Logic Analyzer Output

over 6 years ago

0 cb1_mobile over 6 years ago

Guru 117850 points

May I note the following?

You interrupt upon the falling edge of D_RDY - yet if you switched to rising edge - your interrupt would occur sooner! (by D_RDY's pulse width) Goal is response - not true measure of latency!
You "register" the interrupt - rather than placing it w/in the MCU's "Vector Table" - which I believe - achieves faster response
You impose the time for the interrupt to "clear" - PLUS the time for function, "SSIDataPut()" to execute - and class "those two delays" as interrupt latency! Would not a GPIO toggle - as the very first instruction w/in said handler - provide a "truer picture" of interrupt latency?

When running above certain speeds - does not that MCU suffer expanded number of "wait-states" and/or other "crippling effects?"
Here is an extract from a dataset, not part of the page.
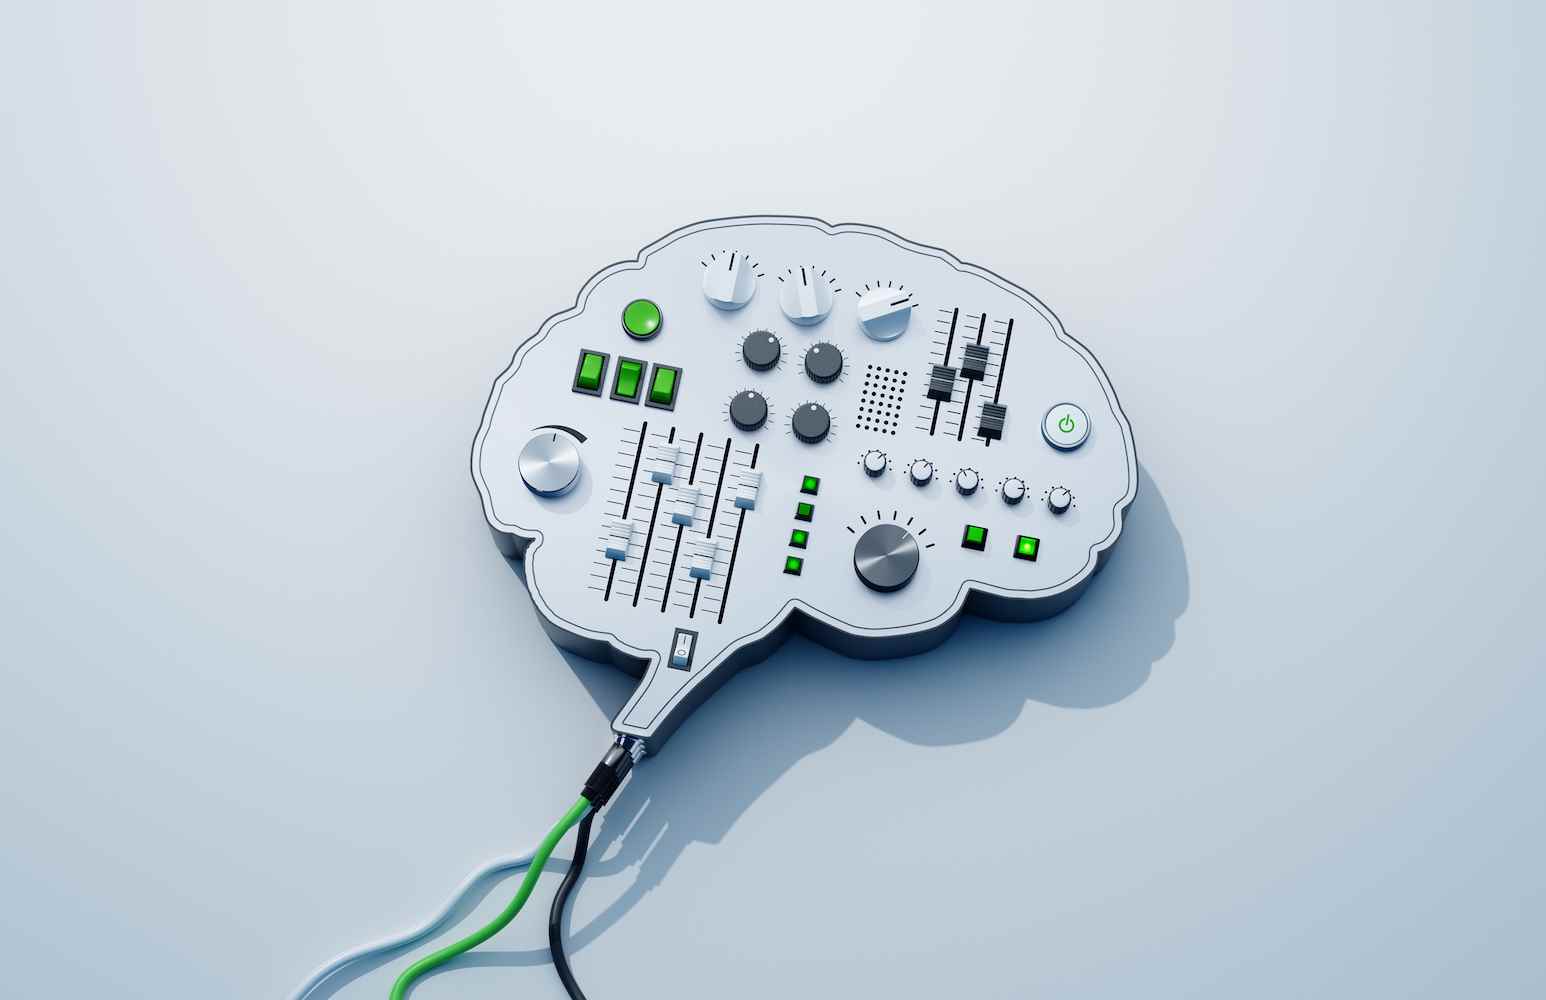 düğmeleri ve düğmeleri olan beyin şeklindeki bir konsolun dijital olarak oluşturulmuş görüntüsü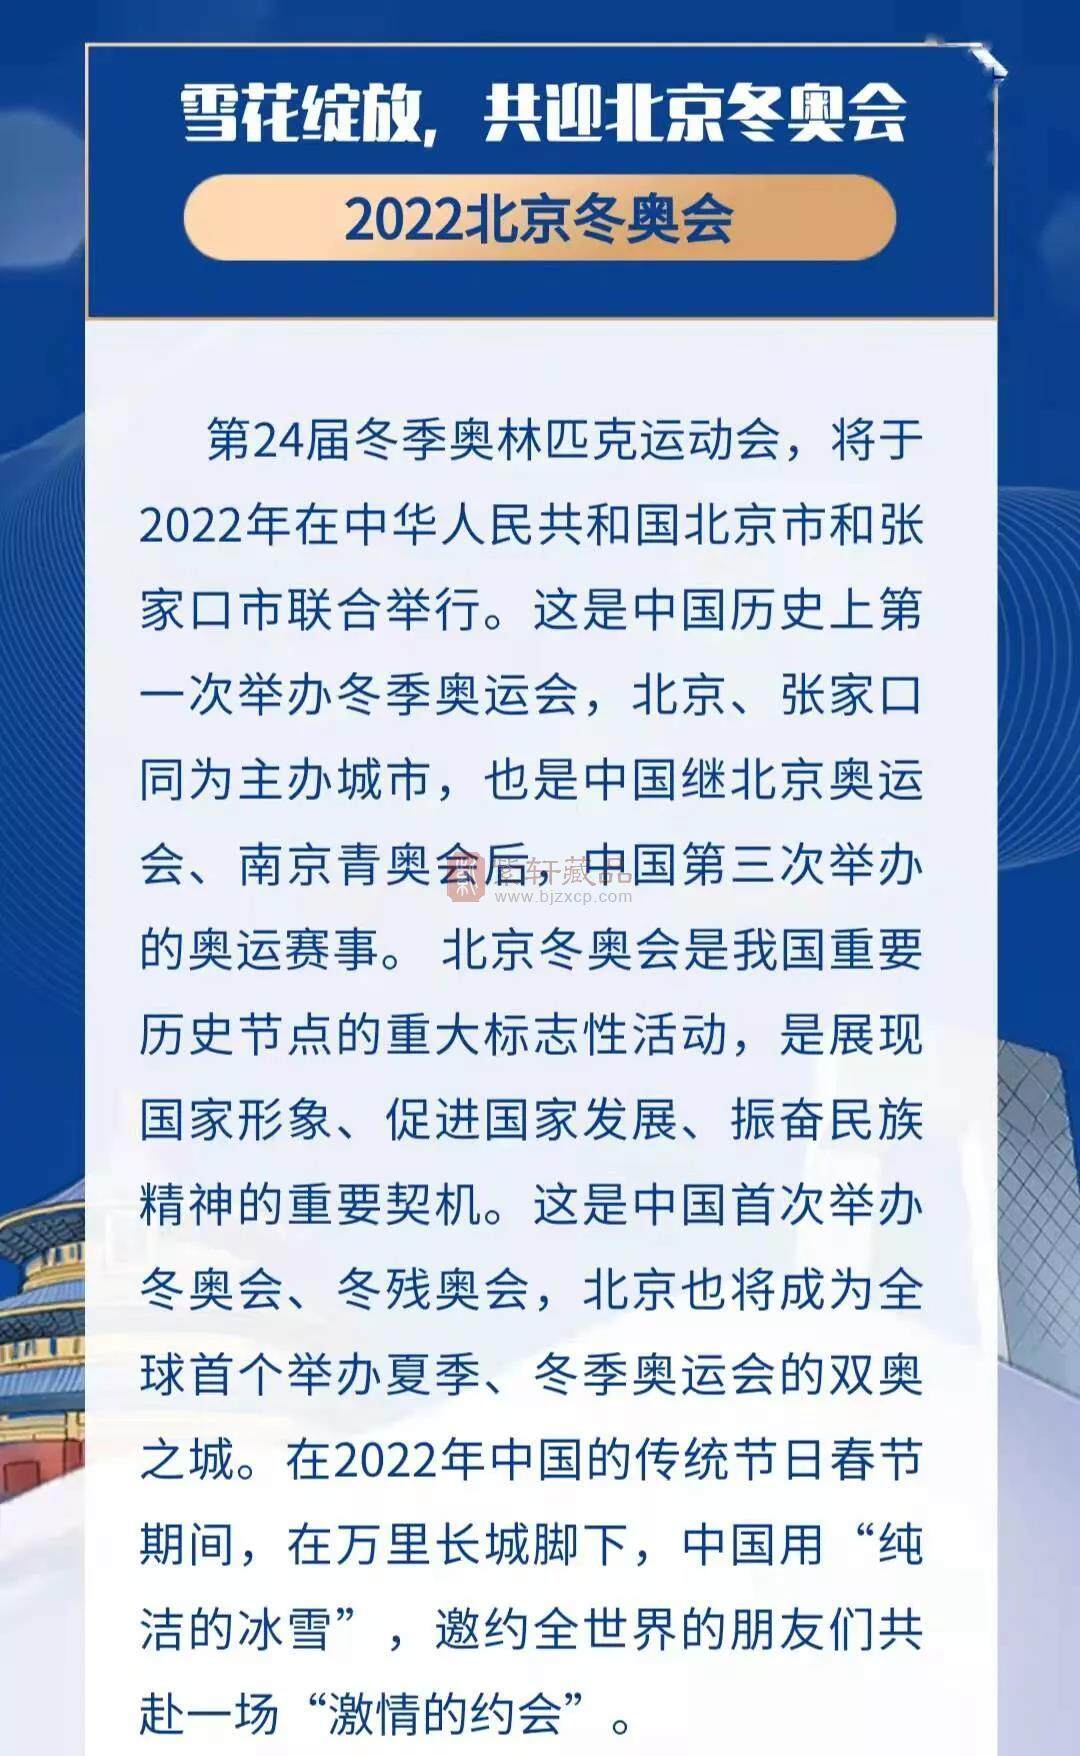 2022北京冬奥会纪念钞冠号大全 收录40个冠号

Beyond the above - I would switch (ideally) to a different port - and determine if there may be a "latency penalty" extracted by your chosen port - and pin.

I agree w/your calculations and believe that you can improve results...

0 Bruno Saraiva over 6 years ago

Guru 13040 points

cb1's answer is excellent!

A few more pointers:

- Be careful with specific interrupt clearing, such as GPIOIntClear(GPIO_PORTF_BASE, GPIO_INT_PIN_0); - it is wiser to read the interrupt mask, and then clear all interrupts. In case your code grows and adds other pins as interrupt sources, of even if a noise triggers an interrupt, you'd be stuck in a ISR re-entering loop.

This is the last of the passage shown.